I need to create all the possible matrix of dimension 5 (5x5), where all elements are integers from 0 to 100 and its sum is 100.
I'm not sure how to do it, or how to start... Any suggestion?
Despite I program in R, I'm looking for an idea of how to do it. Pseucode is fine.
My firs approach was getting all the permutations of 100 elements 25 times (one for each element in the matrix) and then take only those that sum 100. But that is 100^25 permutations... no way to do it in this by this approach.

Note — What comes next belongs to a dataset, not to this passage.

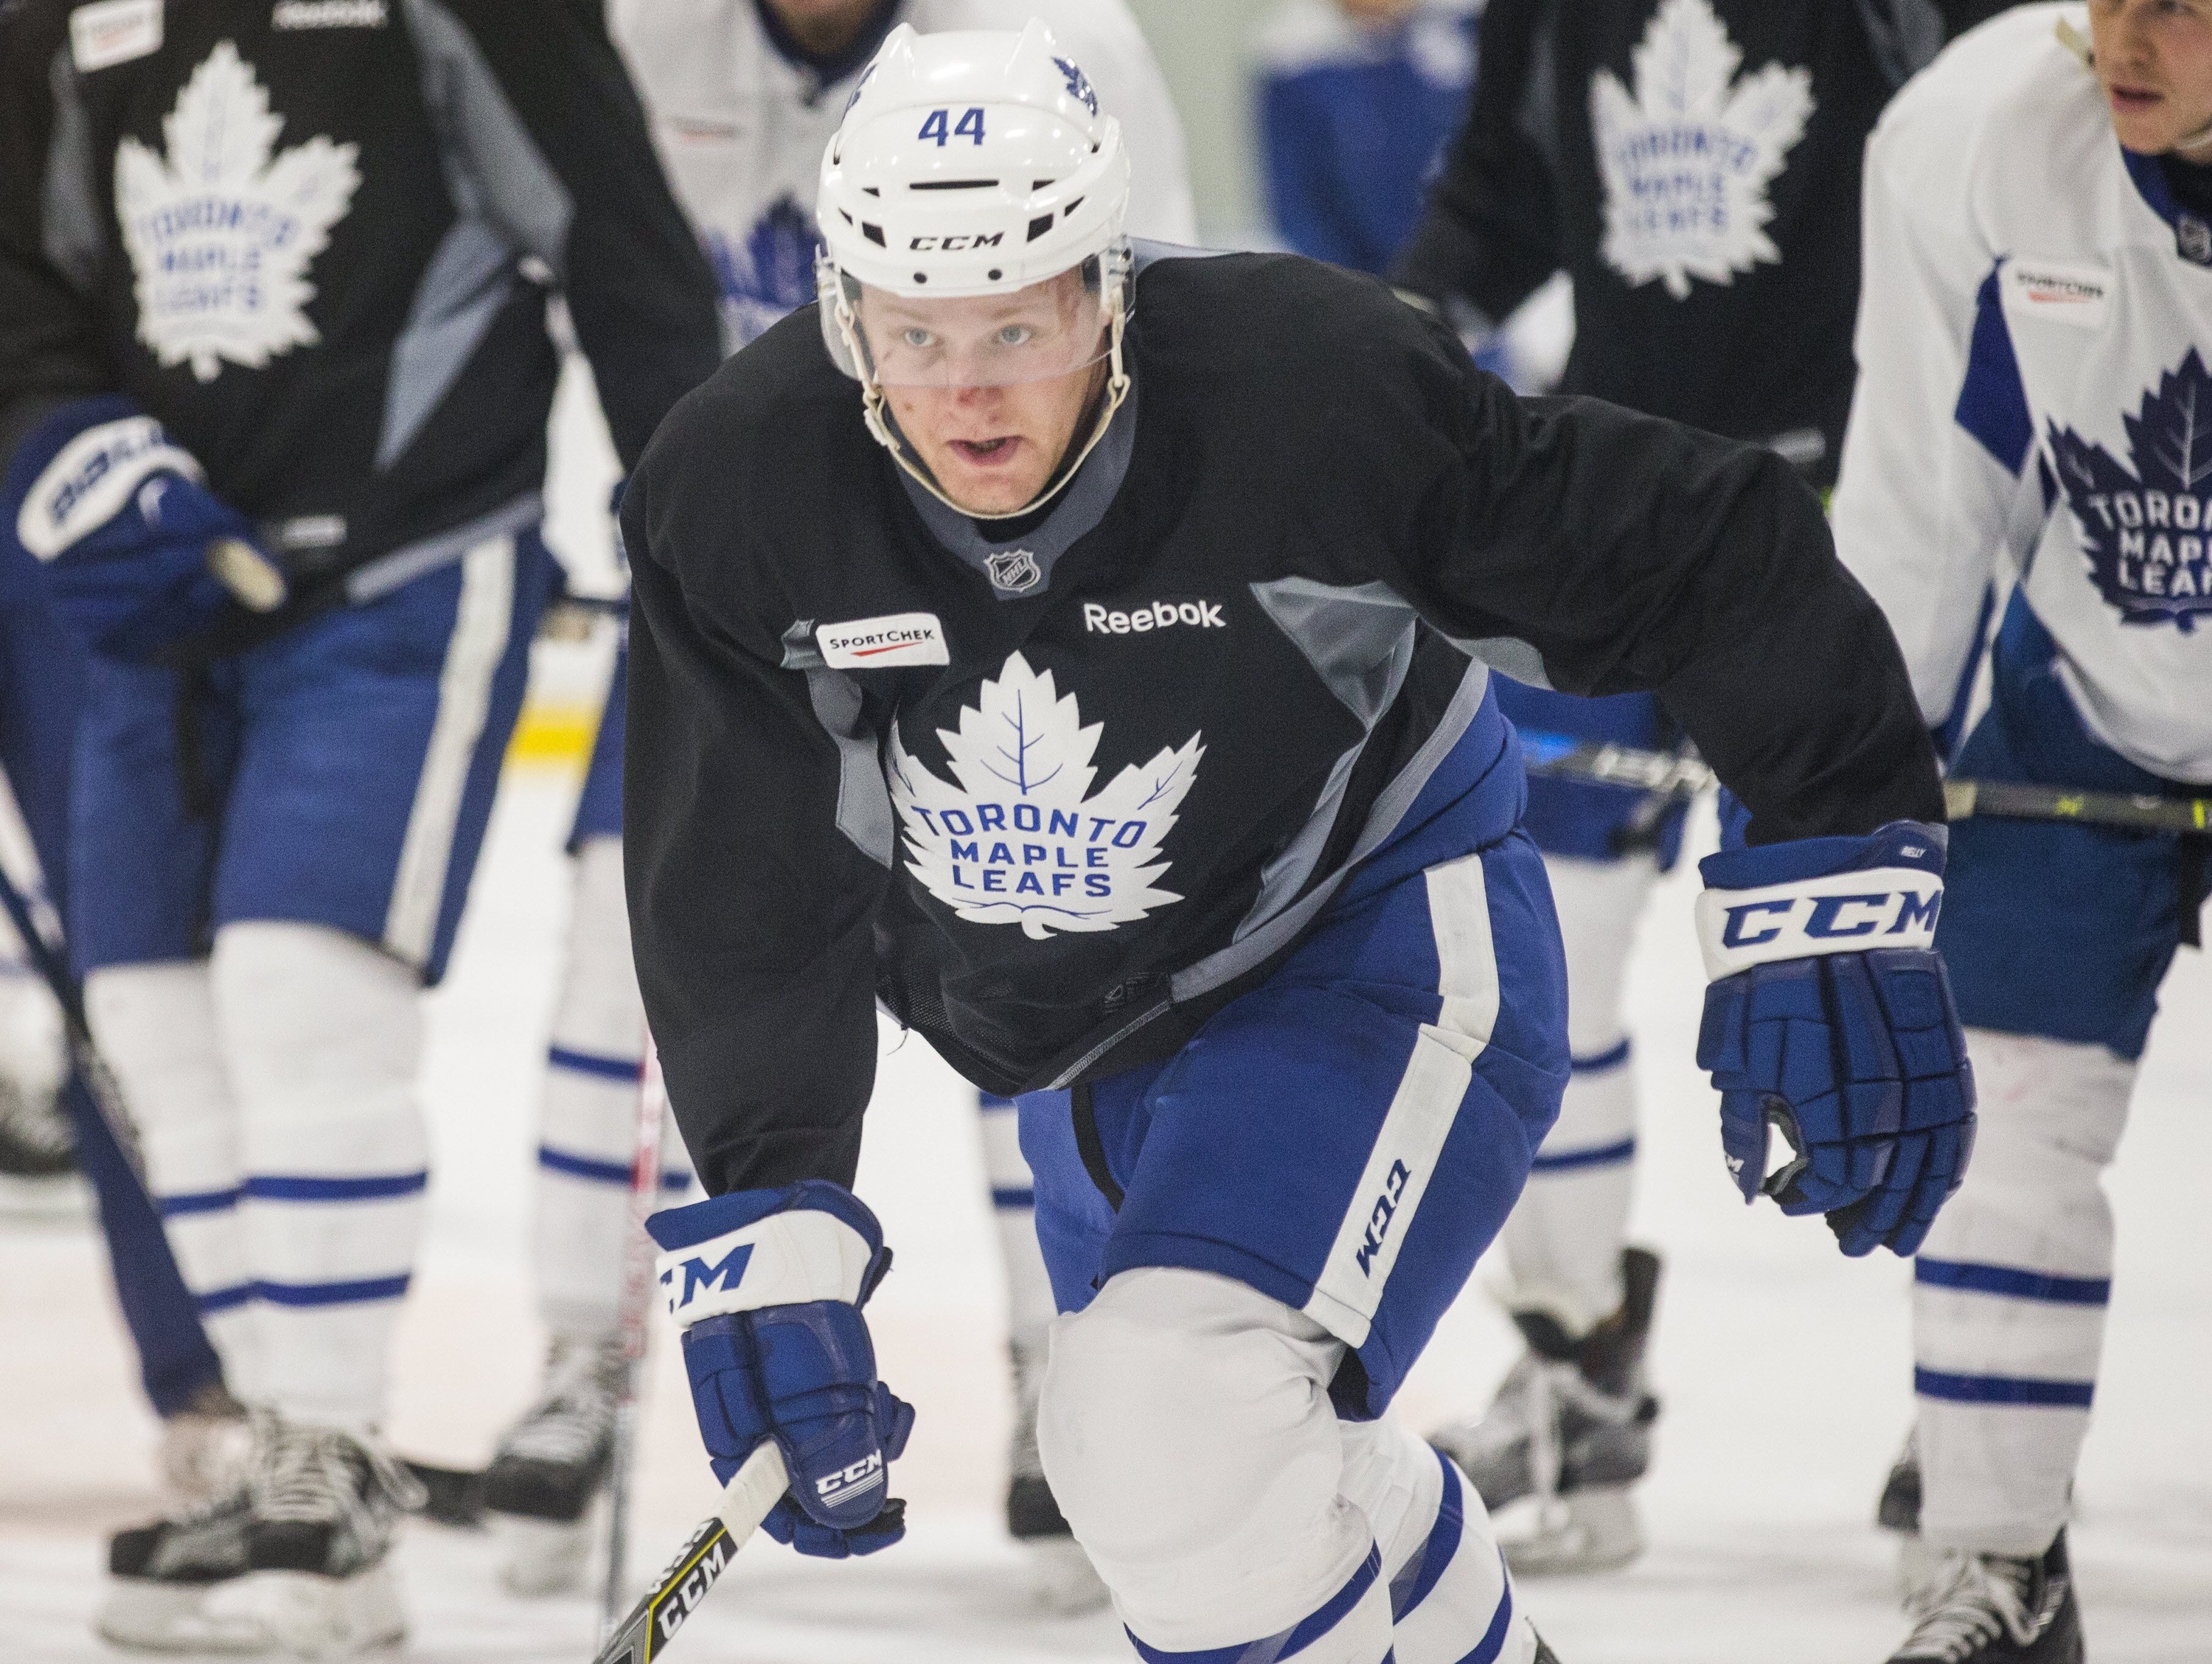 Leafs' Rielly: 'I wish players had the right to do more' amid
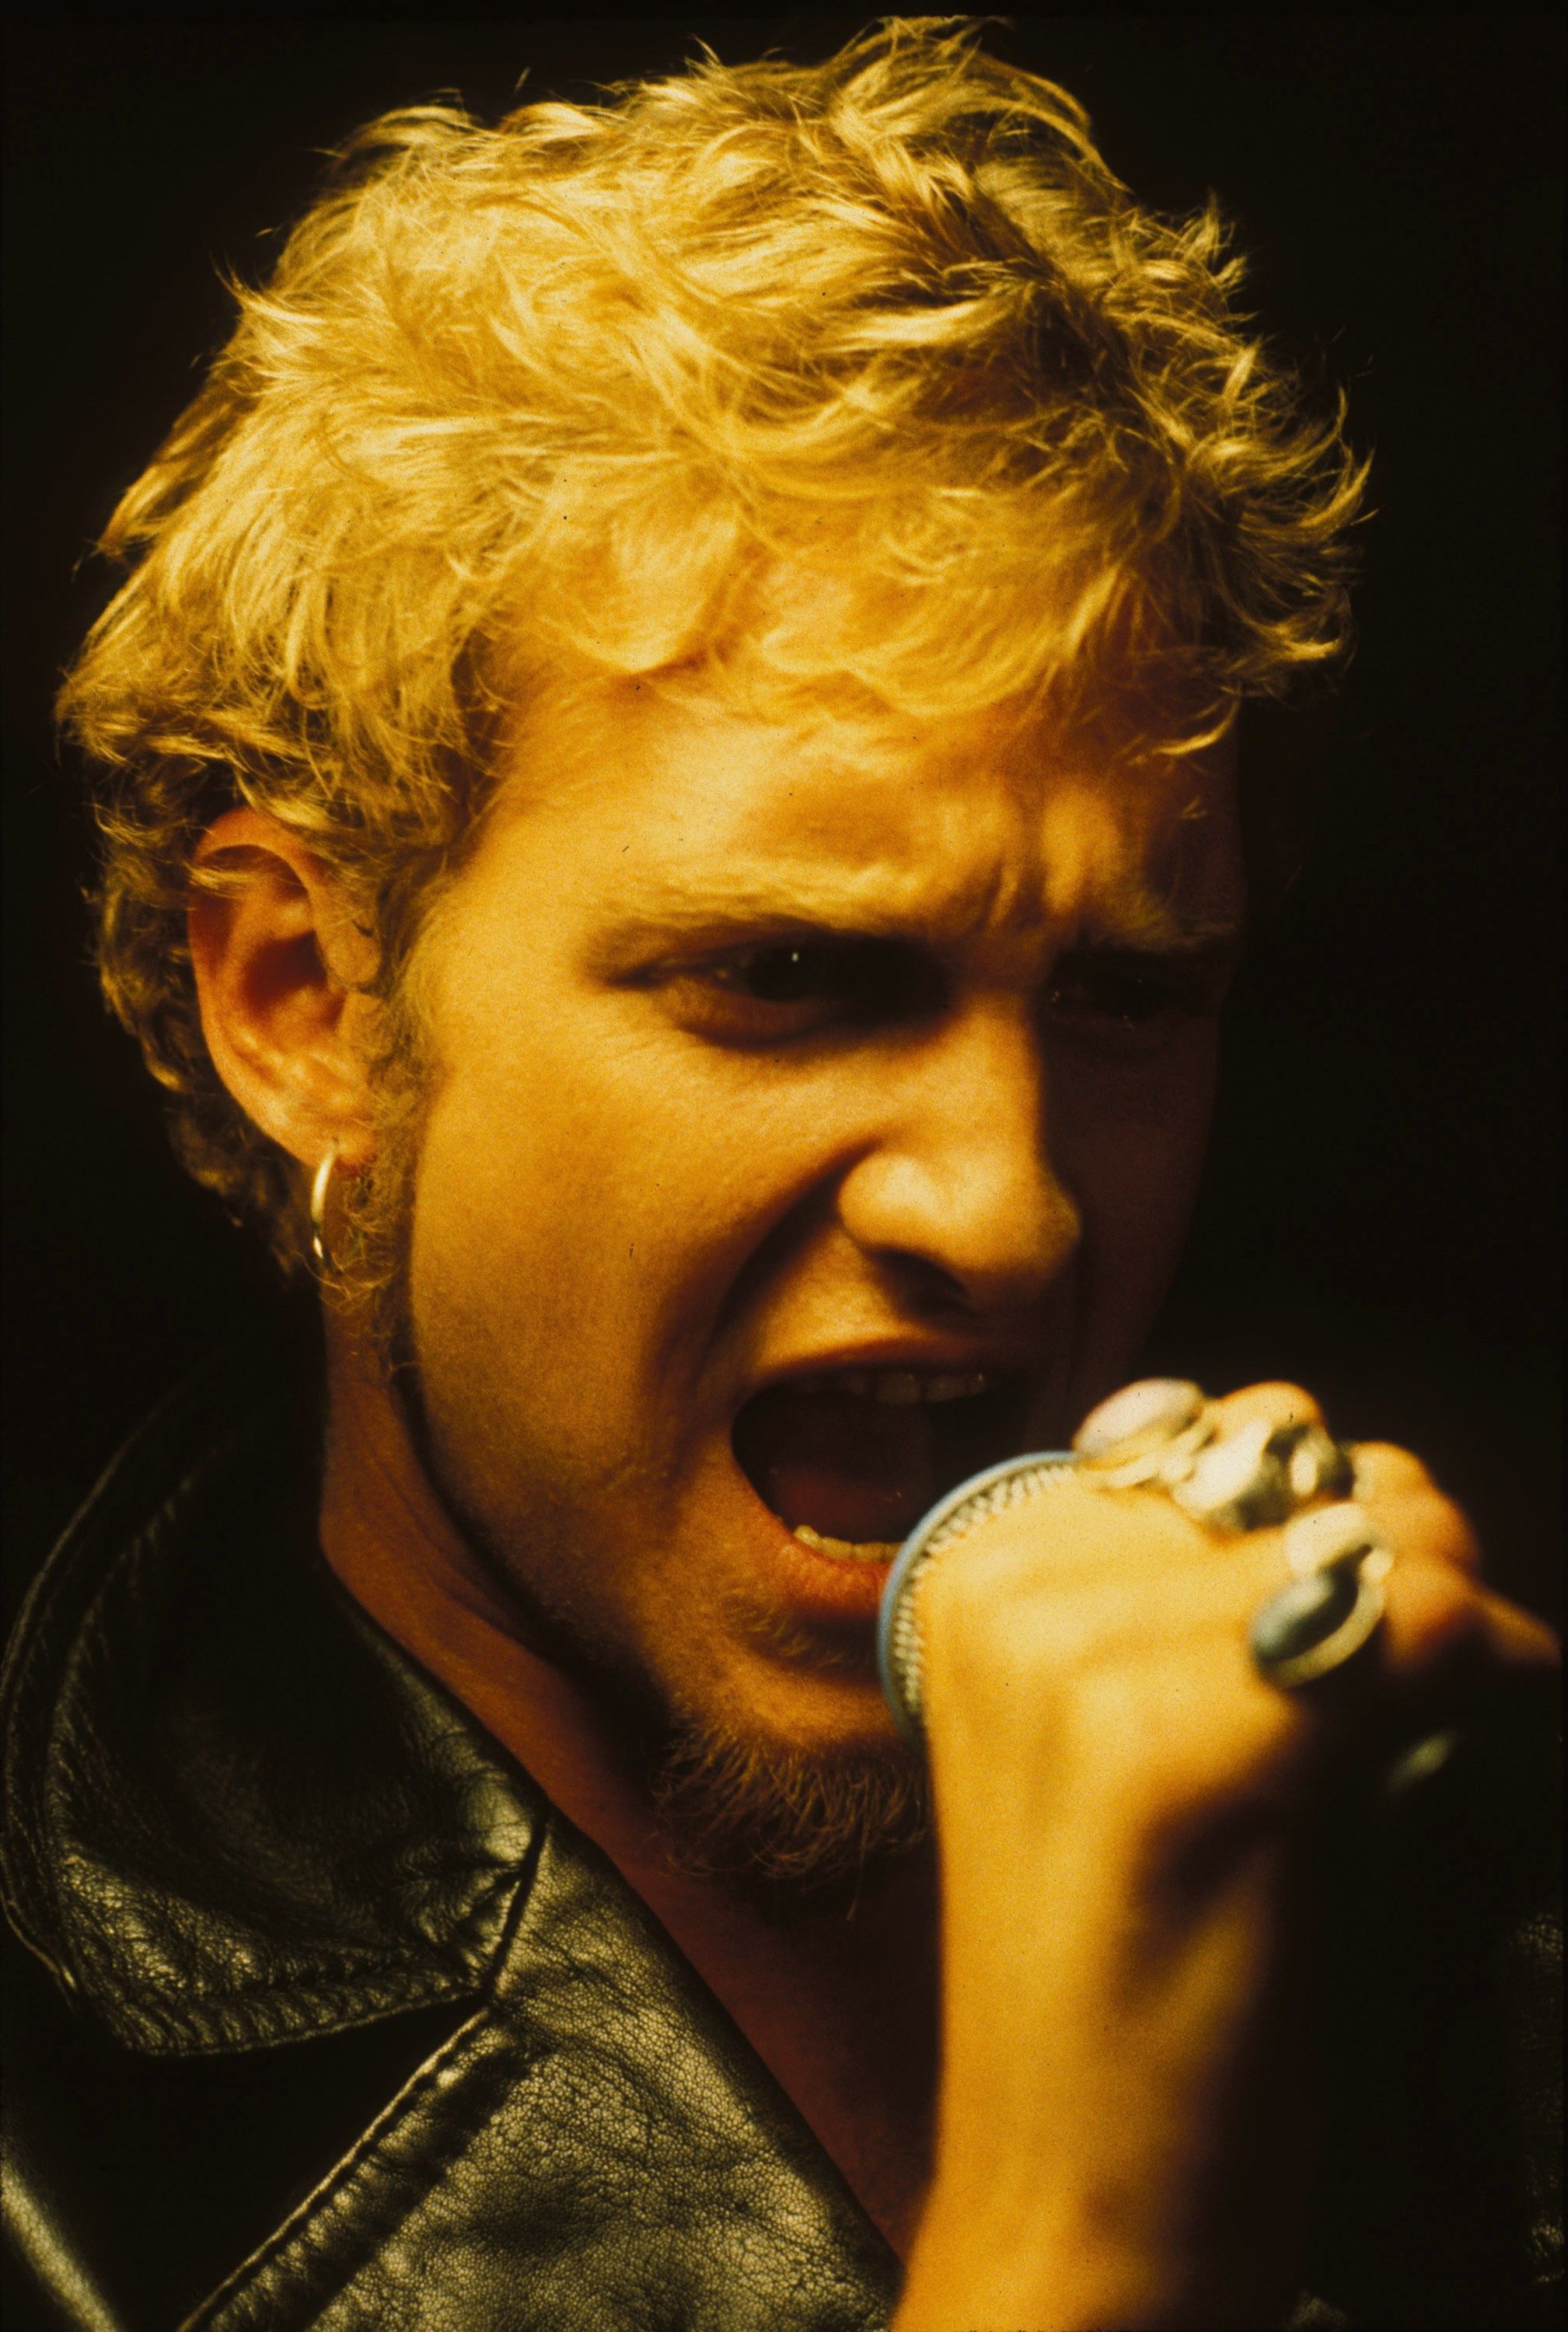 alice in chains. Alice In Chains Wallpaper HD Download. Alice in chains, Layne staley, Staley

I will thanks any idea and/or help!
The OP is looking for all integer partitions of the number 100 of maximal length of 25. The package partitions
is equipped with a function exactly for this purpose called restrictedparts
. E.g.:
library(partitions)
## Keep the output tidy
options(digits = 4)
options(width = 90)
## all integer partitions of 10 of maximal length = 4
restrictedparts(10, 4)
#>
#> [1,] 10 9 8 7 6 5 8 7 6 5 6 5 4 4 7 6 5 4 5 4 3 4 3
#> [2,] 0 1 2 3 4 5 1 2 3 4 2 3 4 3 1 2 3 4 2 3 3 2 3
#> [3,] 0 0 0 0 0 0 1 1 1 1 2 2 2 3 1 1 1 1 2 2 3 2 2
#> [4,] 0 0 0 0 0 0 0 0 0 0 0 0 0 0 1 1 1 1 1 1 1 2 2
Once all of the them have been generated, simply create a 5x5 matrix of each combinations (restrictedparts
doesn’t differentiate between 0 0 3
and 0 3 0
). The only problem is that there are so many possible combinations (partitions::R(25, 100, TRUE) = 139620591
) the function throws an error when you call restrictedparts(100, 25)
.
test <- restrictedparts(100, 25)
#> Warning in restrictedparts(100, 25): NAs introduced by coercion to integer range
#> Error in restrictedparts(100, 25): NAs in foreign function call (arg 3)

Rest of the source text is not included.